(What you are asked to do):
Everything from the line holding "Power Road Studios" through the last line below is needed; please reproduce those lines exactly, adding nothing.

(Data excerpt):
◇ ◇ ◇ ◇ ◇ ◇ ◇
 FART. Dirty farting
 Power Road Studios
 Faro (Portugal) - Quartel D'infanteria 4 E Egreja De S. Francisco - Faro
◇ ◇ ◇ ◇ ◇ ◇ ◇
(Answer):
 Power Road Studios
 Faro (Portugal) - Quartel D'infanteria 4 E Egreja De S. Francisco - Faro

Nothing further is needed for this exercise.